### Data extract

+ + +

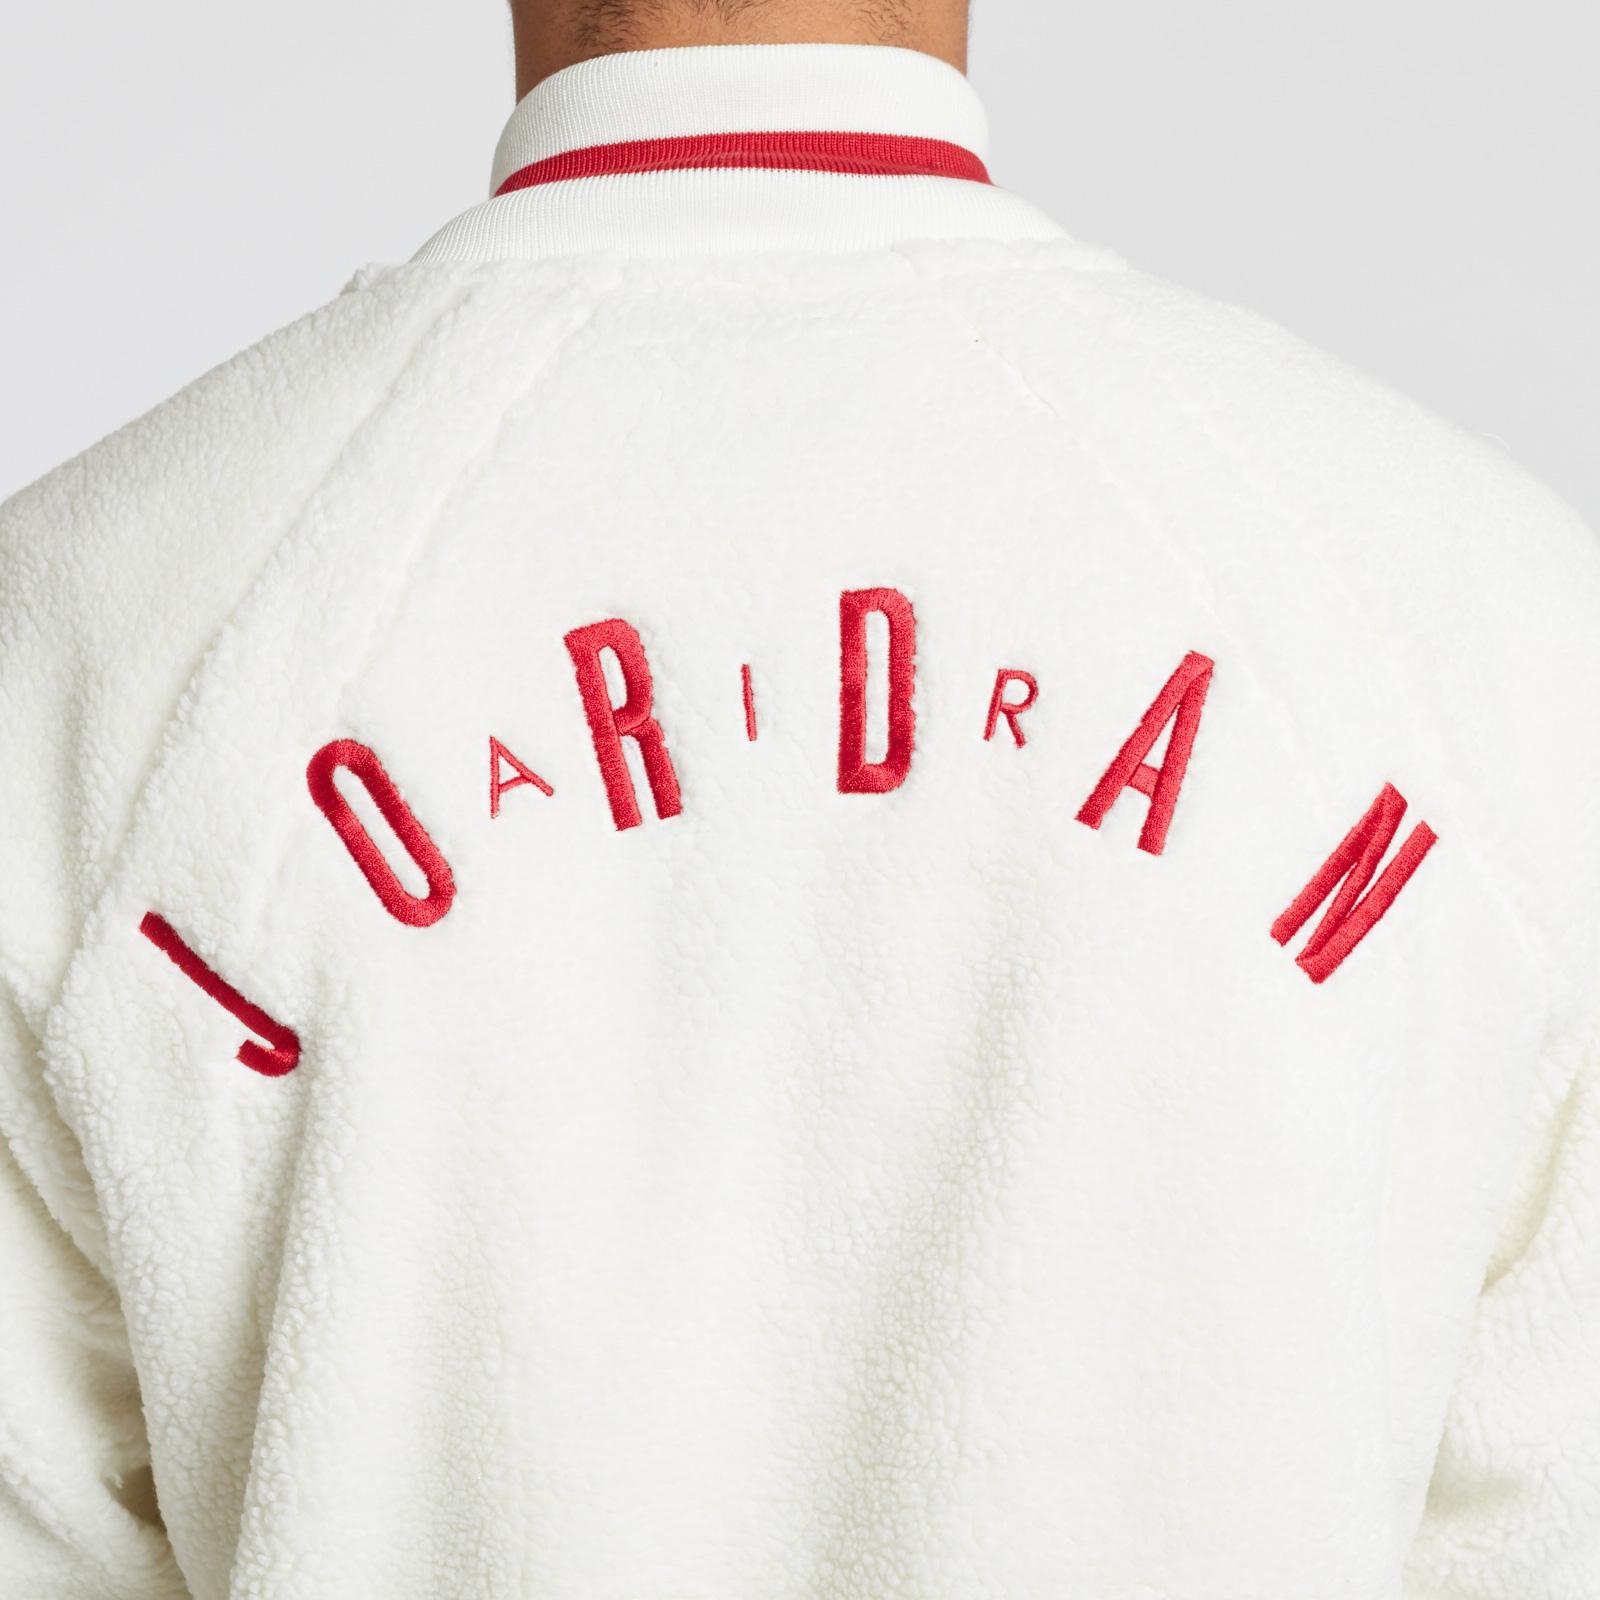 80c91955a61904 Jordan Brand Shearling AJ1 Fleece Jacket - Ah9748-133 ...
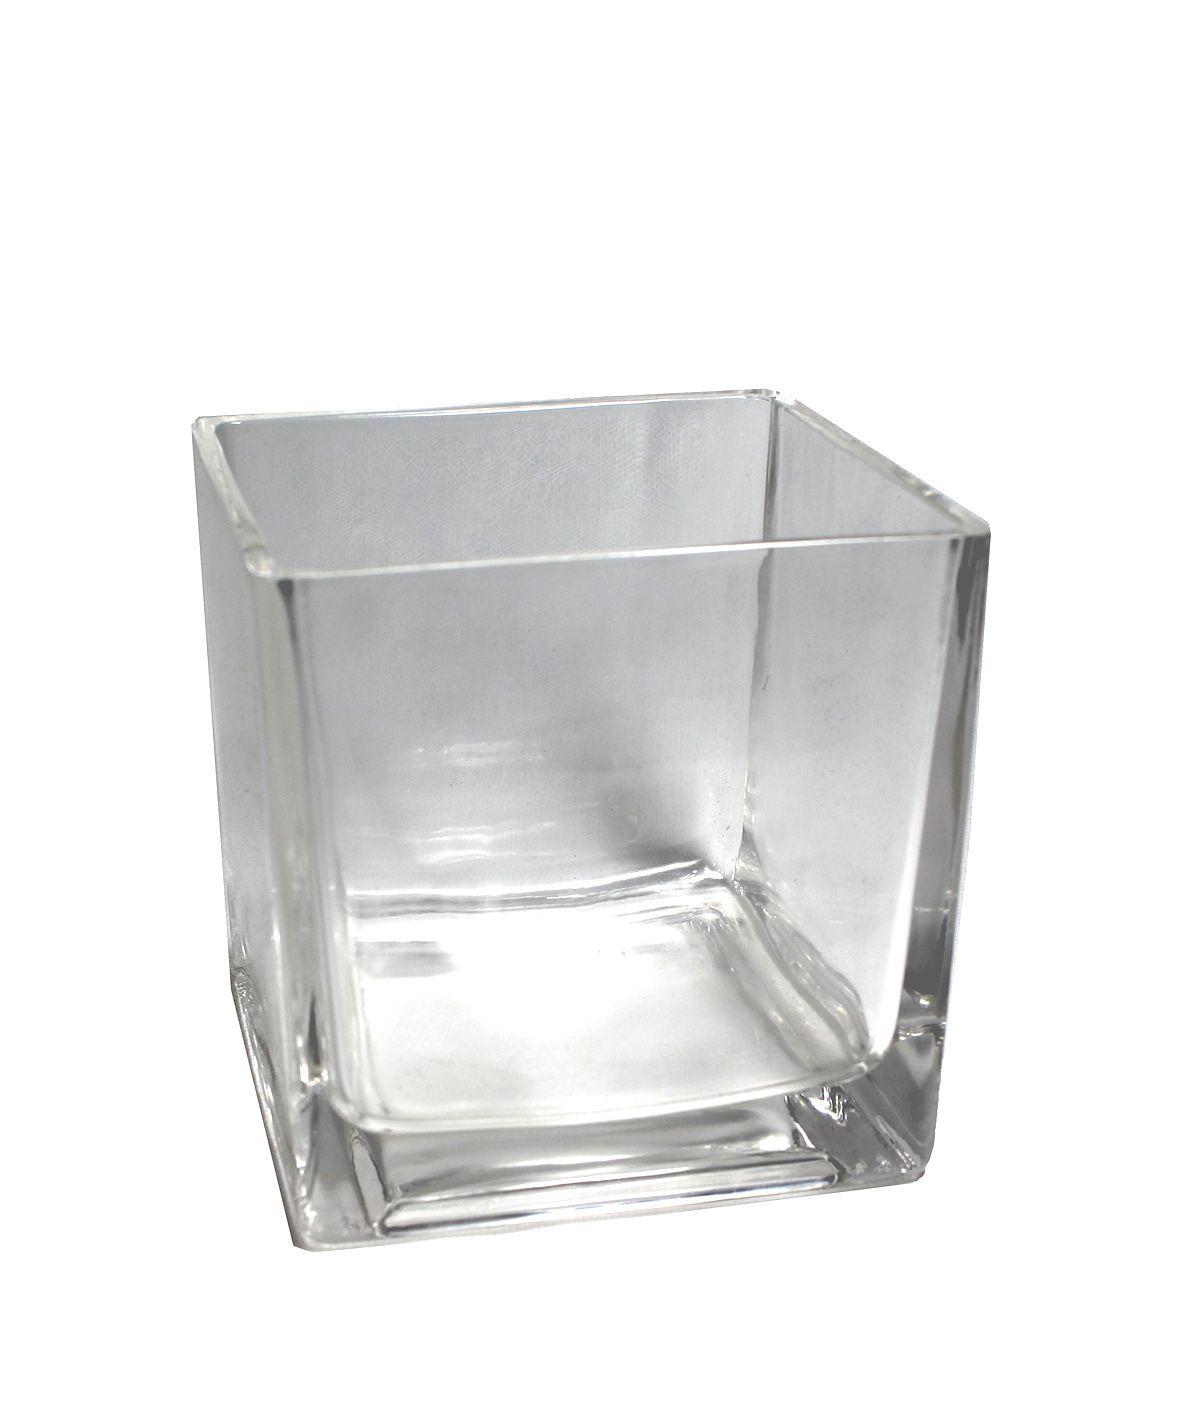 Vaso De Vidro Quadrado Médio - 12Cm  Altura X  13 Cm Boca
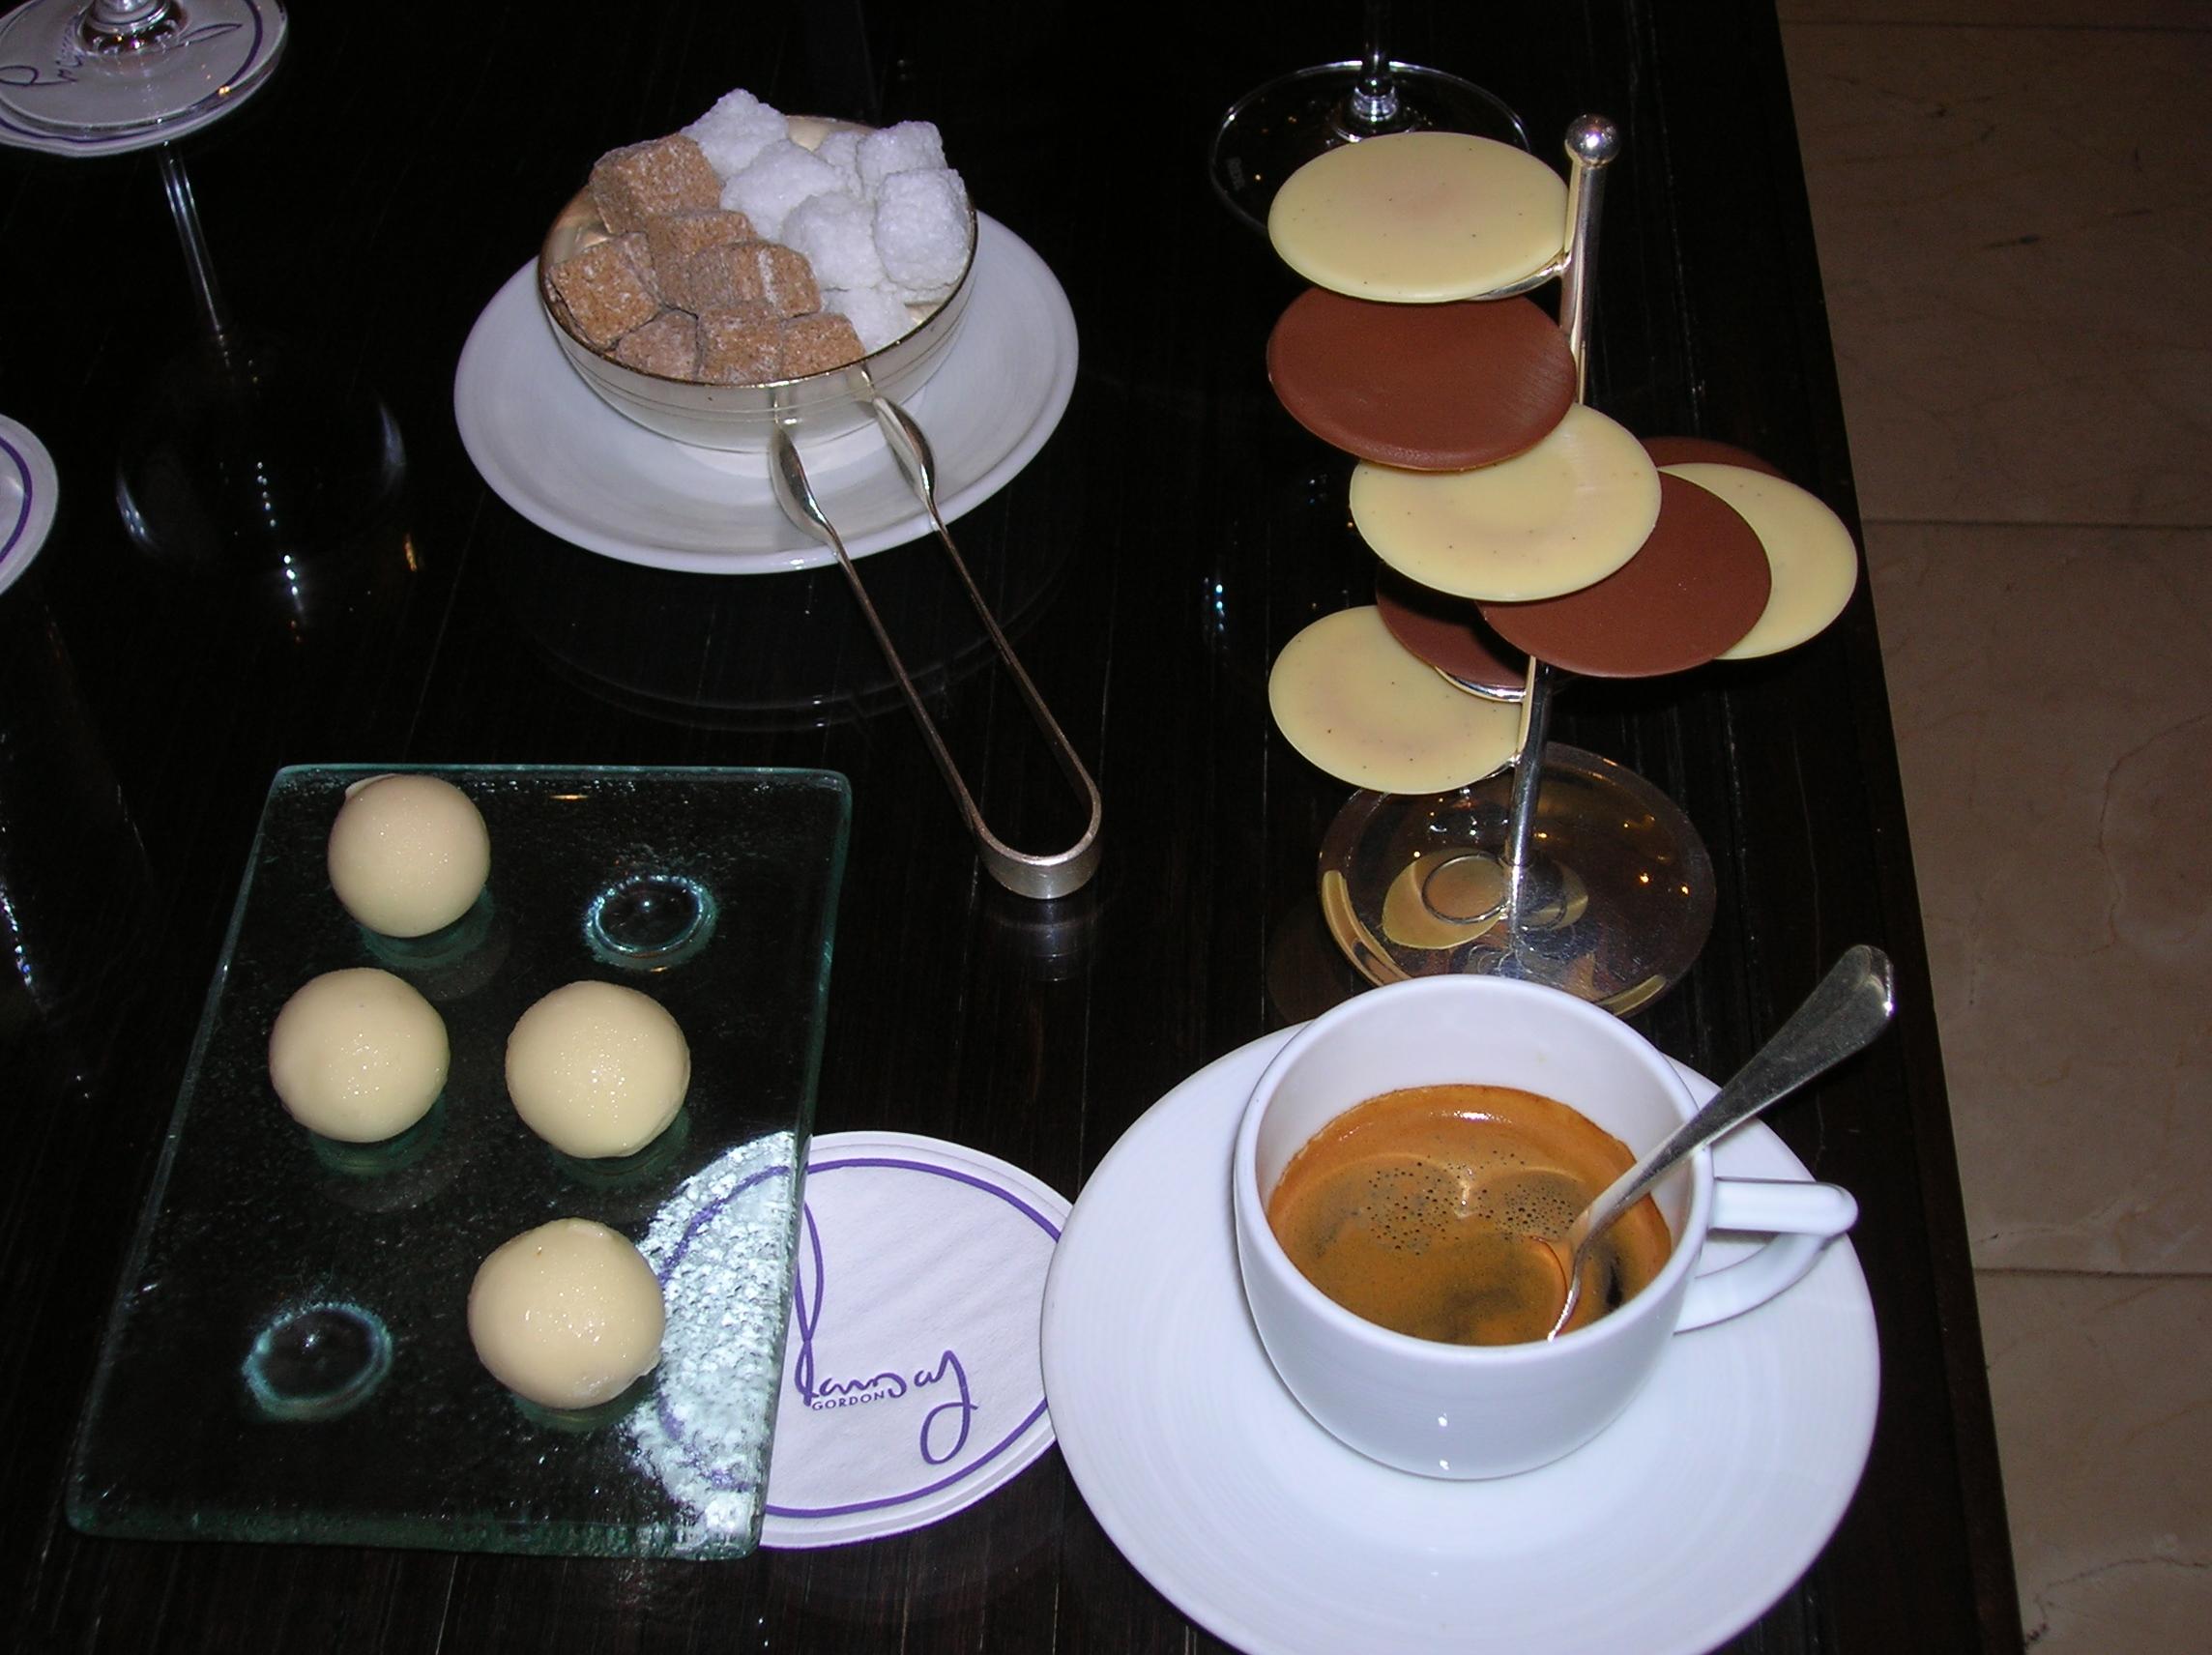 File:Gordon Ramsay Coffee and Desserts.JPG - Wikimedia Commons

+ + +

### Work to be completed
Would you copy all the material exactly, dropping the pictures?

### Result of this exercise
 80c91955a61904 Jordan Brand Shearling AJ1 Fleece Jacket - Ah9748-133 ...
 Vaso De Vidro Quadrado Médio - 12Cm  Altura X  13 Cm Boca
 File:Gordon Ramsay Coffee and Desserts.JPG - Wikimedia Commons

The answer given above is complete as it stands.